→ Dataset records
★ ★ ★ ★ ★ ★ ★
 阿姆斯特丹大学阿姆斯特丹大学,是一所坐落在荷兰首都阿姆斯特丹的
★ ★ ★ ★ ★ ★ ★
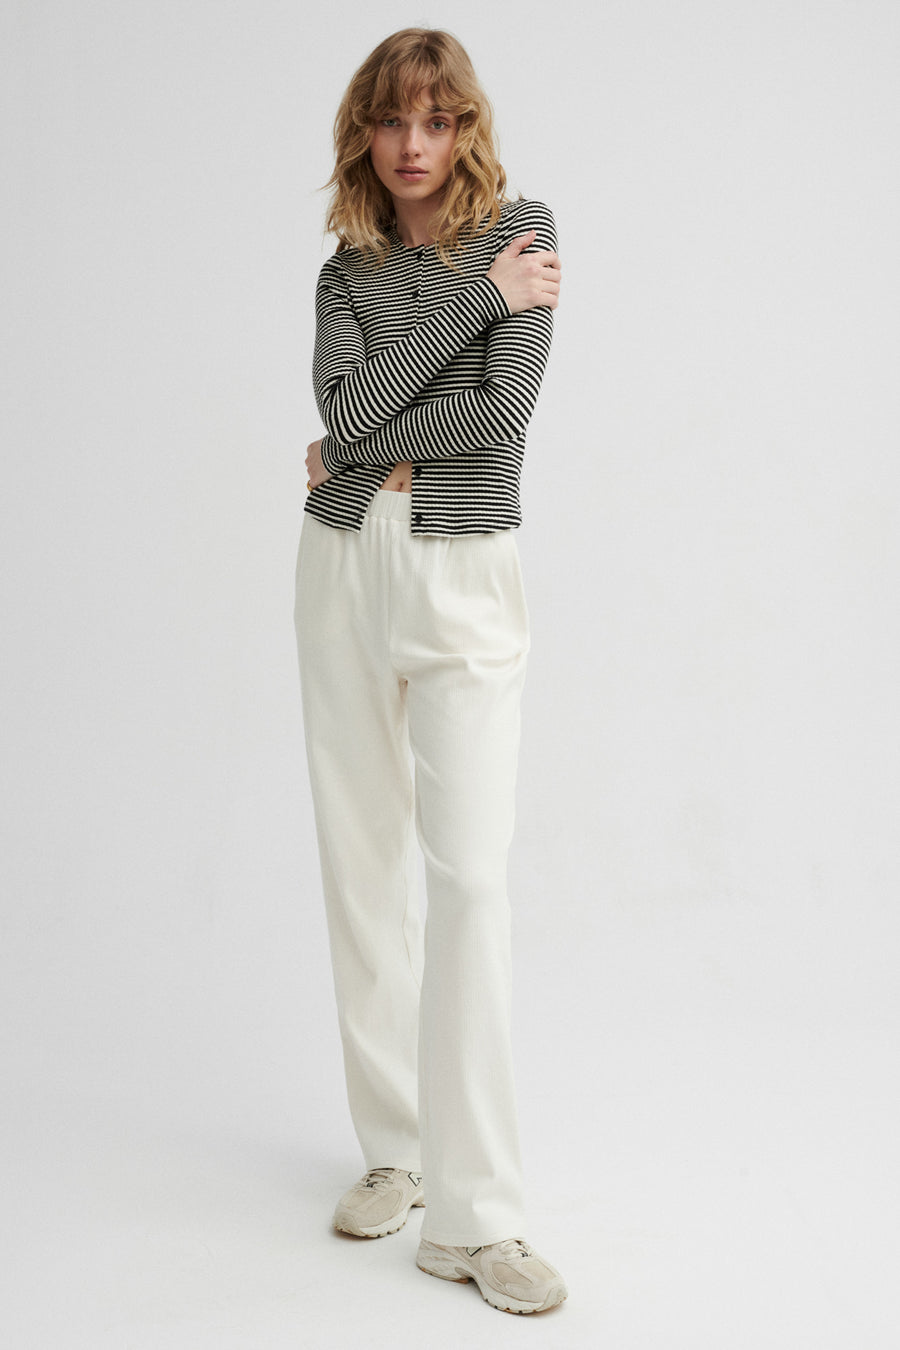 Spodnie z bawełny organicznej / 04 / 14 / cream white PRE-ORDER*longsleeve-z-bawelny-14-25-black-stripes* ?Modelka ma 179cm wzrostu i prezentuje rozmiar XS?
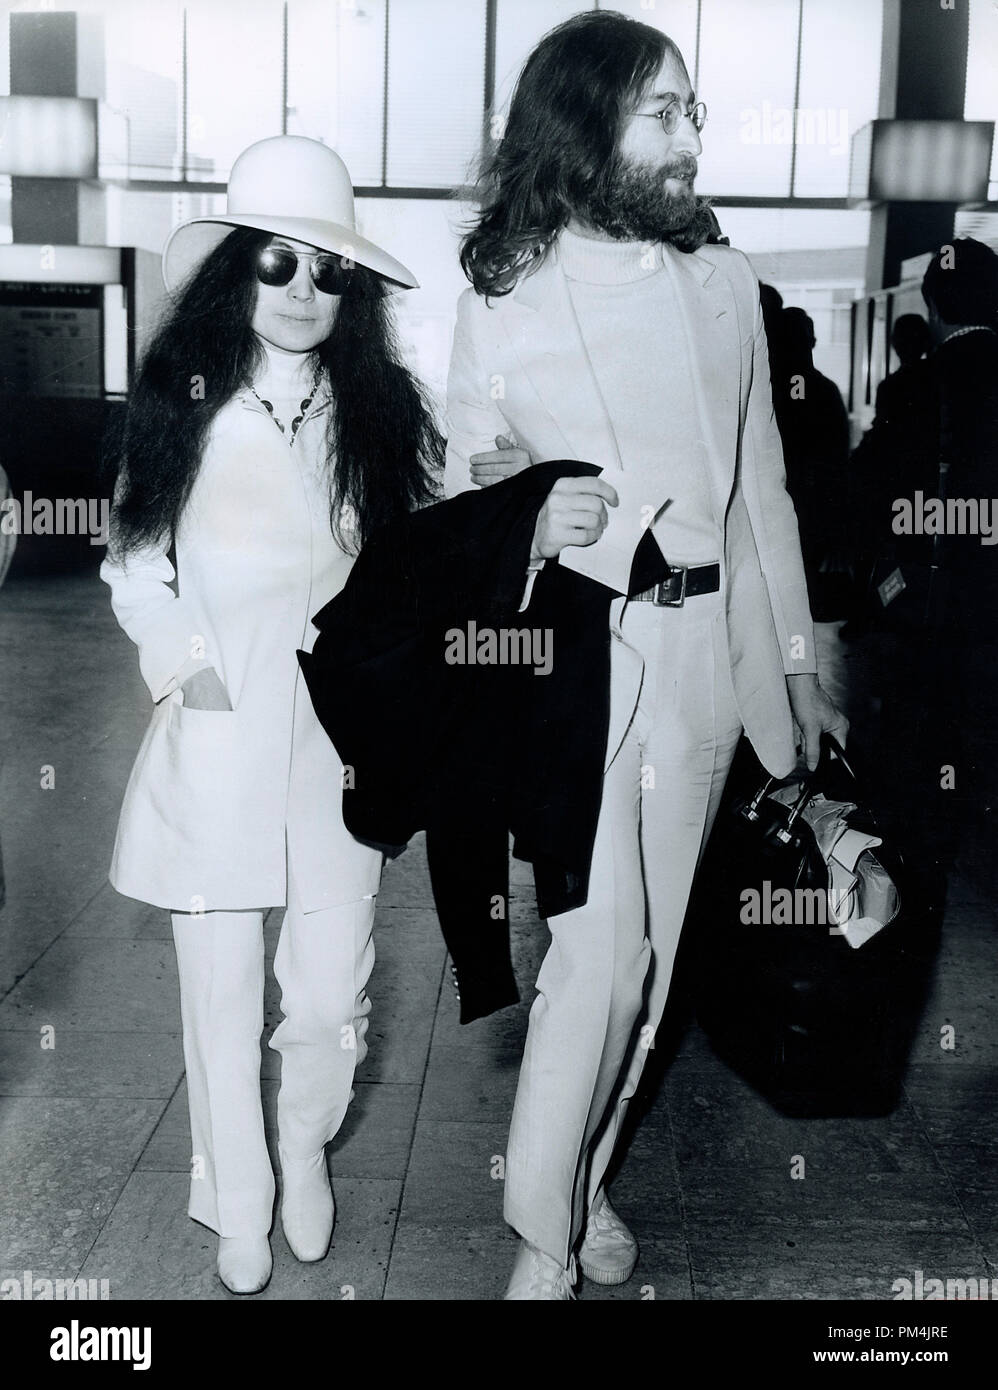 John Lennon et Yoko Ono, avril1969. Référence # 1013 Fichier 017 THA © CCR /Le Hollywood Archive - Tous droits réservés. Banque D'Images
★ ★ ★ ★ ★ ★ ★
Extract from the material above the stretch running from the line containing "Spodnie z bawełny" through the line containing "John Lennon et". Keep the text exact and the pictures out.

→ Final answer
 Spodnie z bawełny organicznej / 04 / 14 / cream white PRE-ORDER*longsleeve-z-bawelny-14-25-black-stripes* ?Modelka ma 179cm wzrostu i prezentuje rozmiar XS?
 John Lennon et Yoko Ono, avril1969. Référence # 1013 Fichier 017 THA © CCR /Le Hollywood Archive - Tous droits réservés. Banque D'Images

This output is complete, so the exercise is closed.